**COLLECTED DATA**
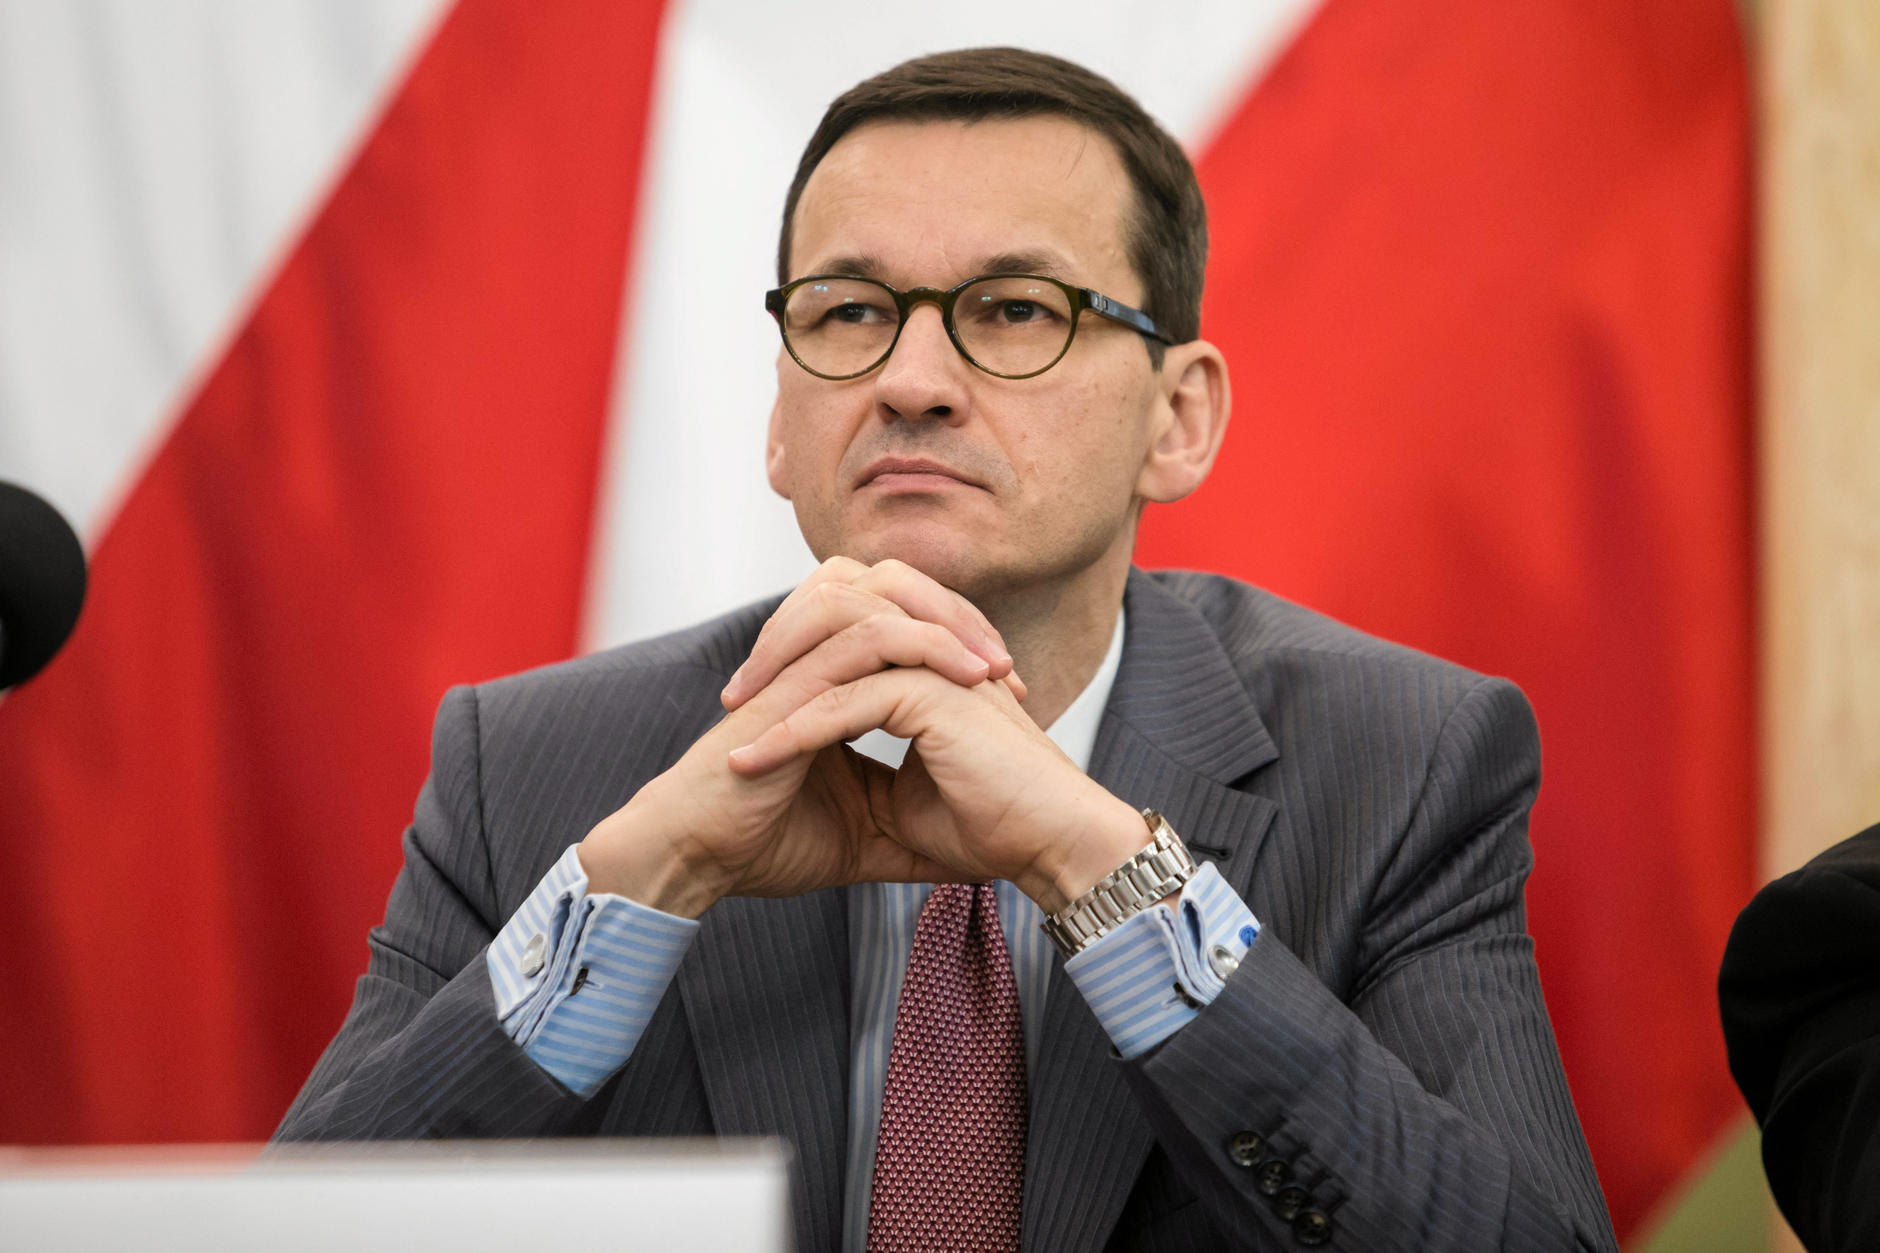 10 tys. plus dla emerytów. Premier Mateusz Morawiecki wraca do pomysłu sprzed miesięcy
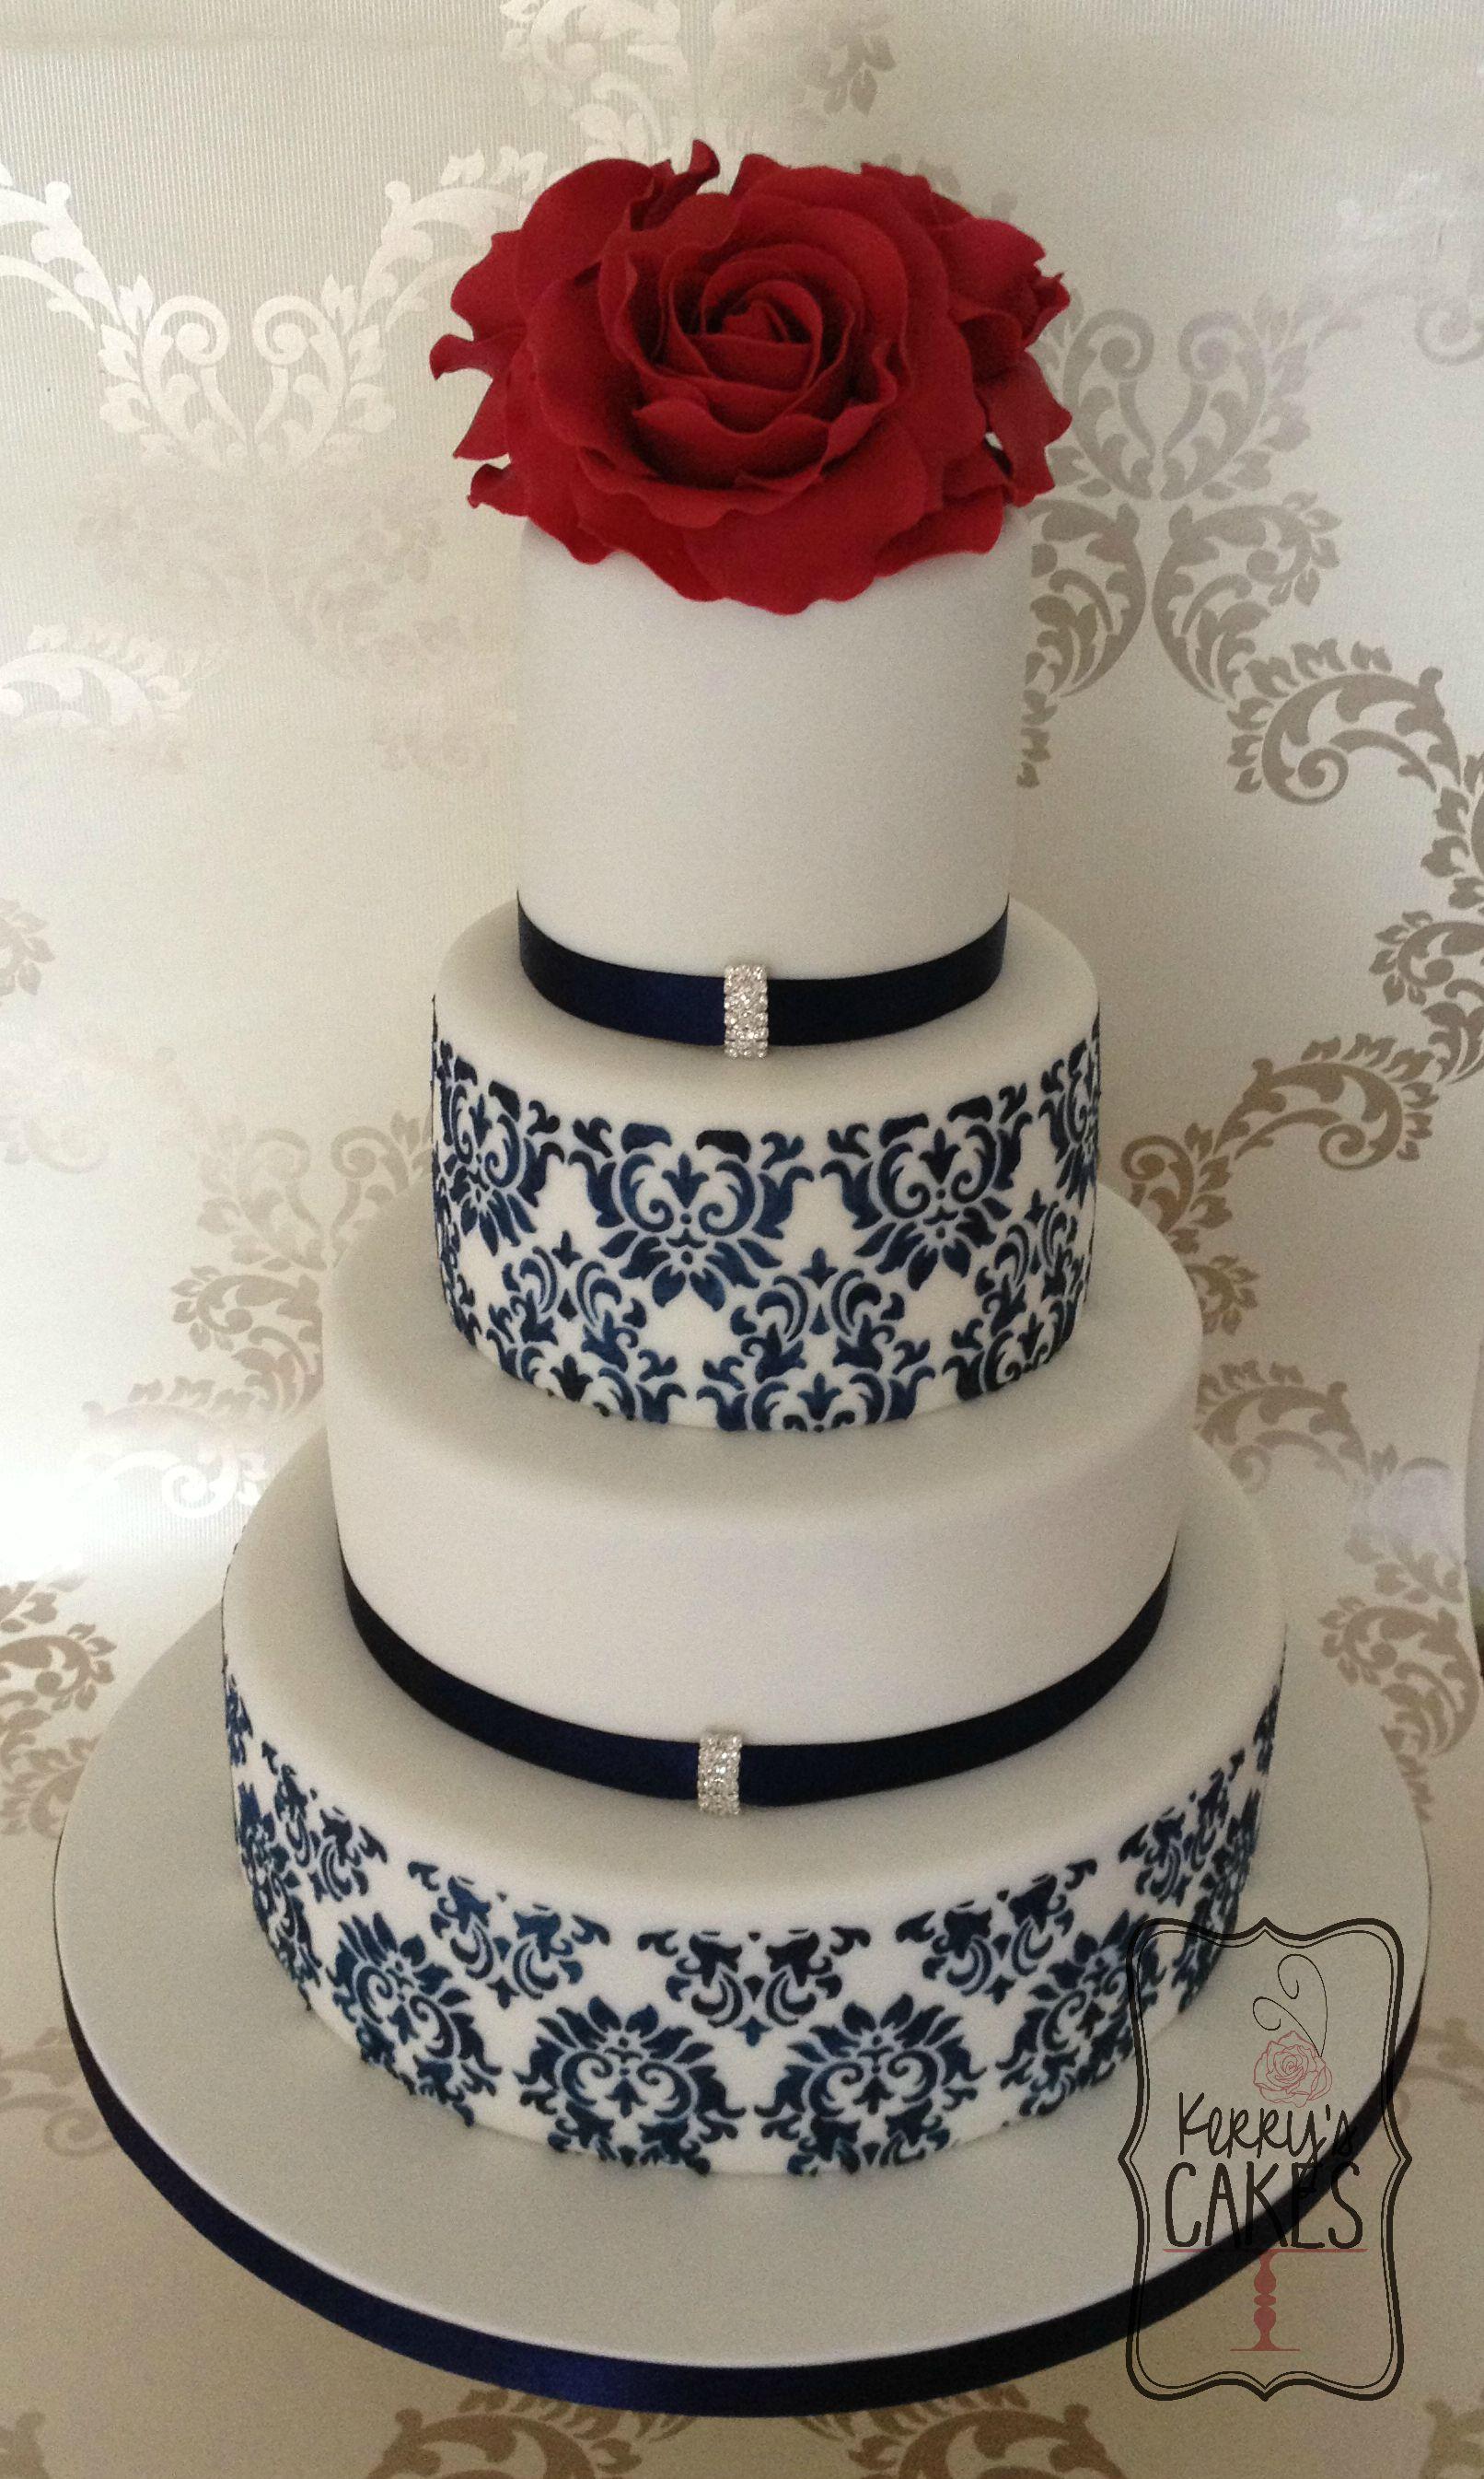 Red rose and navy damask wedding cake cake designs pinterest
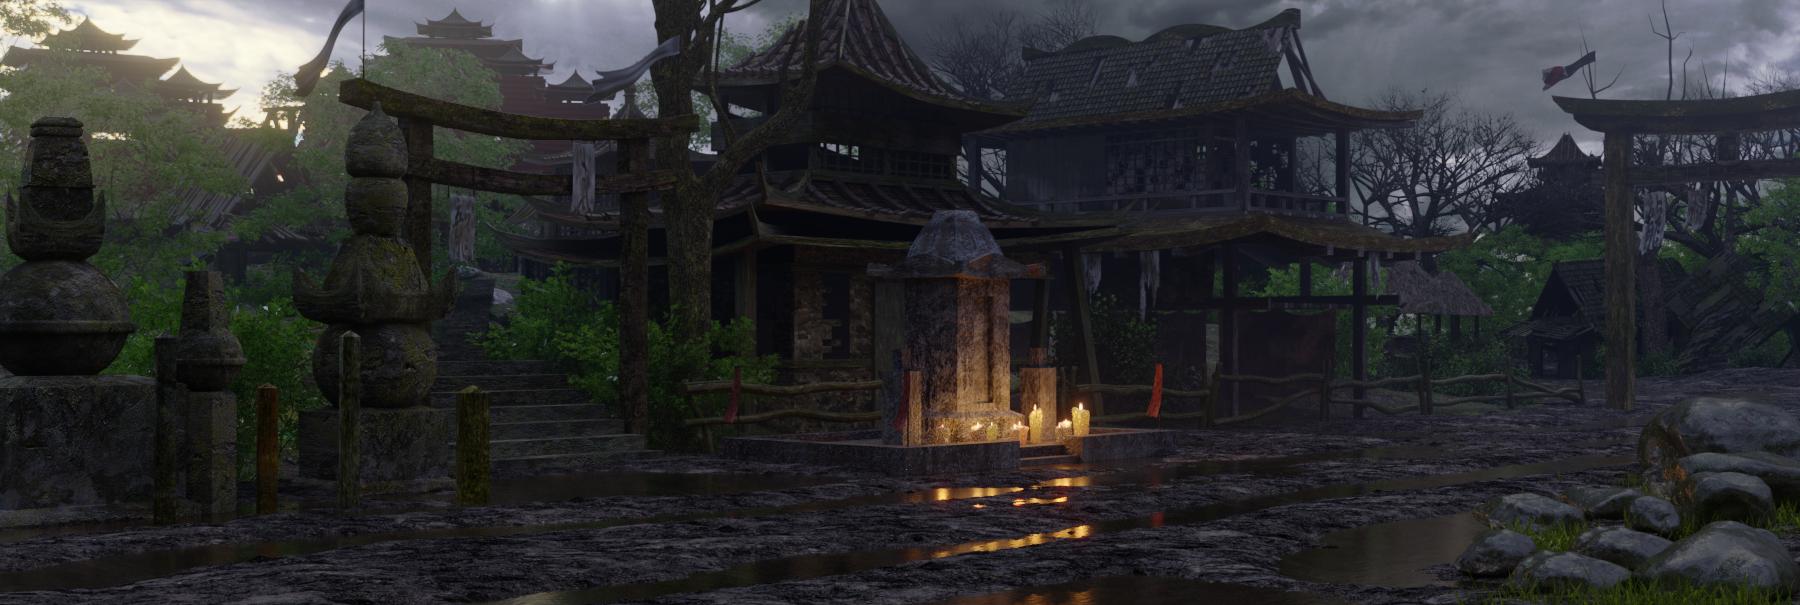 फुसफुसाते गांव Blender cycles render में प्रस्तुत छवि
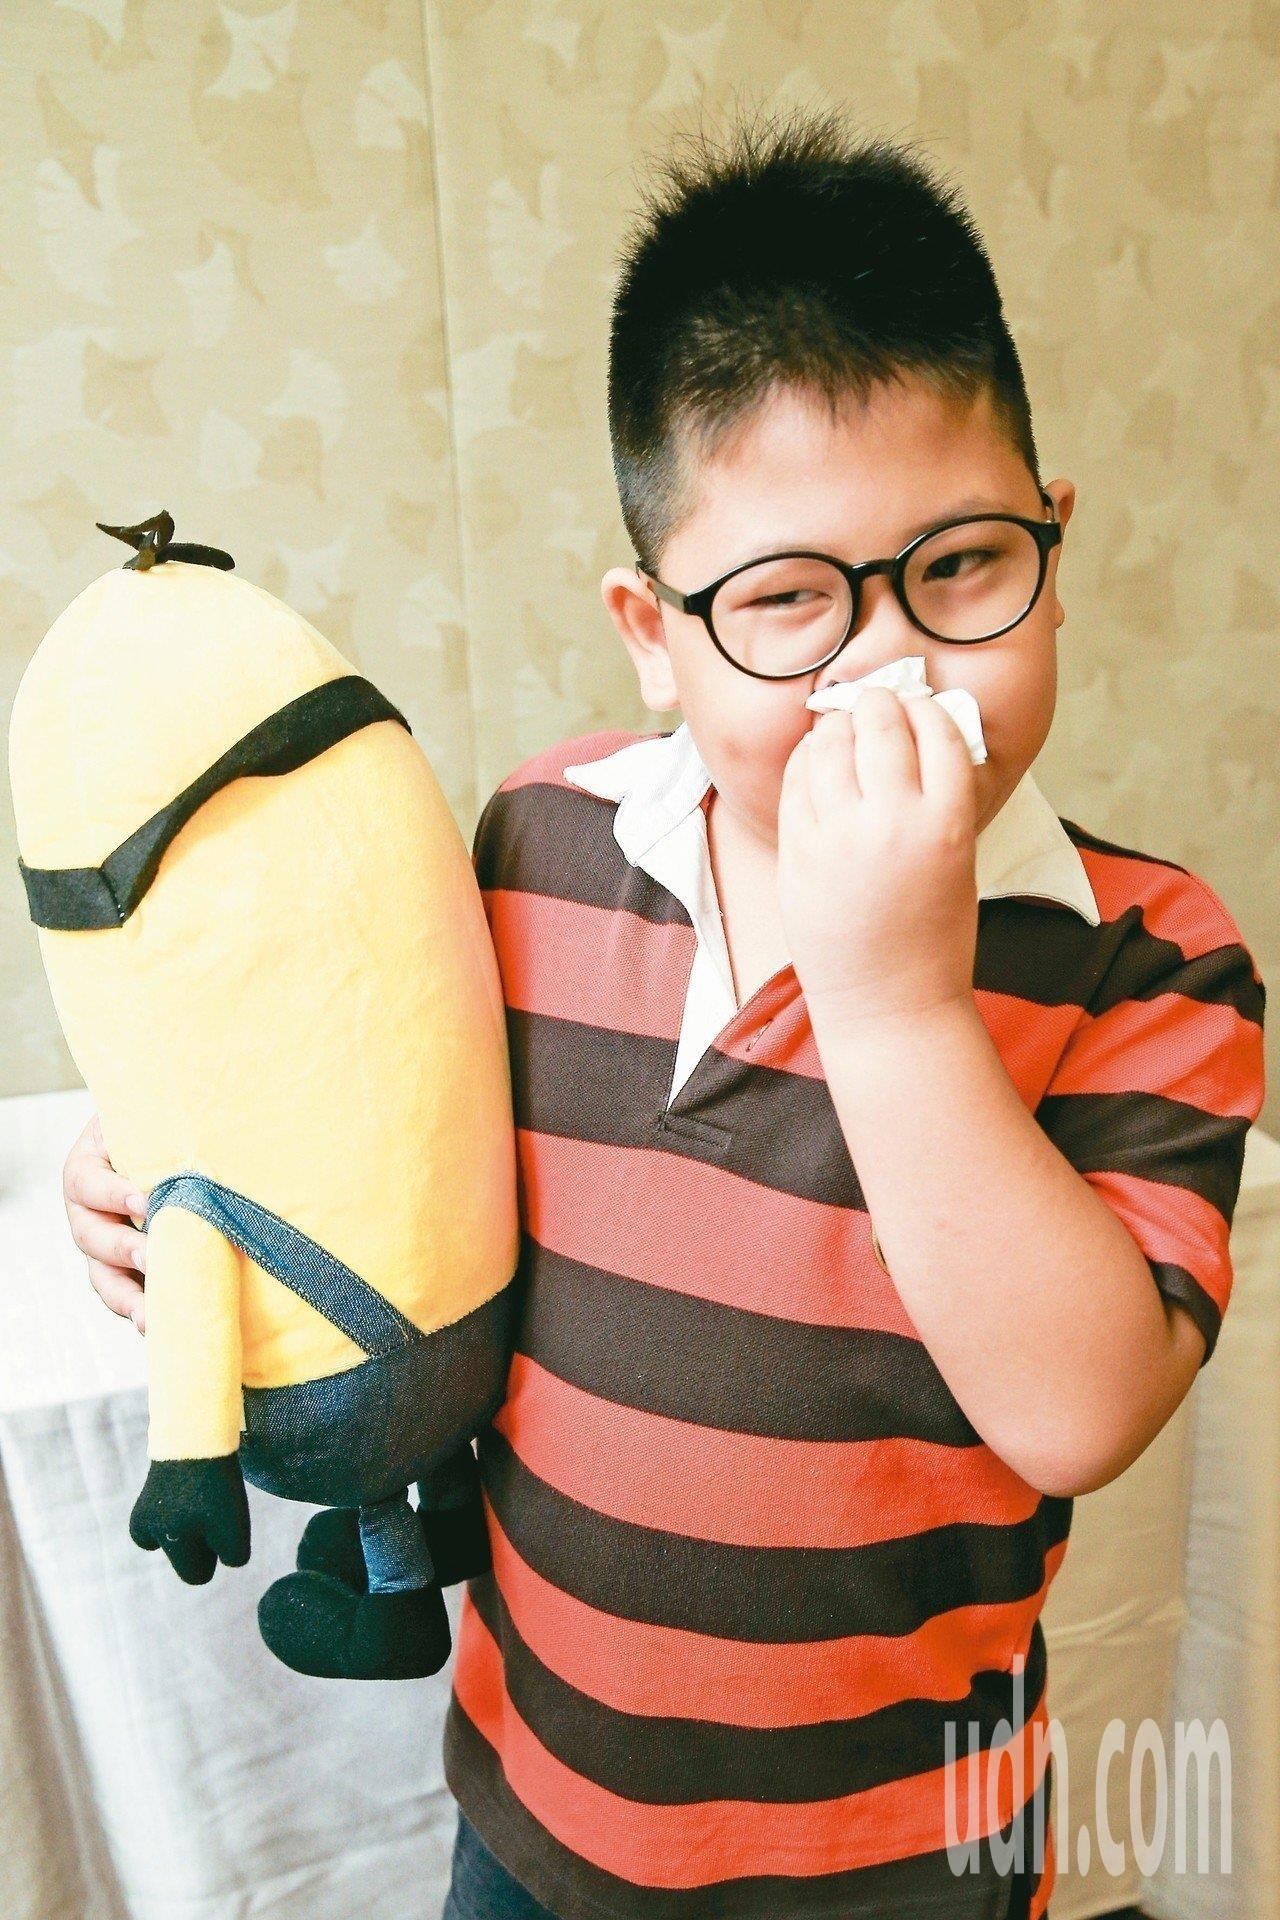 春季易誘發鼻過敏,不過有些人未必知道自己屬於過敏體質,長期與輕微的鼻過敏症狀相伴...

**TRY IT**
The whole listing should be restated word for word, with no pictures.

**WRITTEN SOLUTION**
 10 tys. plus dla emerytów. Premier Mateusz Morawiecki wraca do pomysłu sprzed miesięcy
 Red rose and navy damask wedding cake cake designs pinterest
 फुसफुसाते गांव Blender cycles render में प्रस्तुत छवि
 春季易誘發鼻過敏,不過有些人未必知道自己屬於過敏體質,長期與輕微的鼻過敏症狀相伴...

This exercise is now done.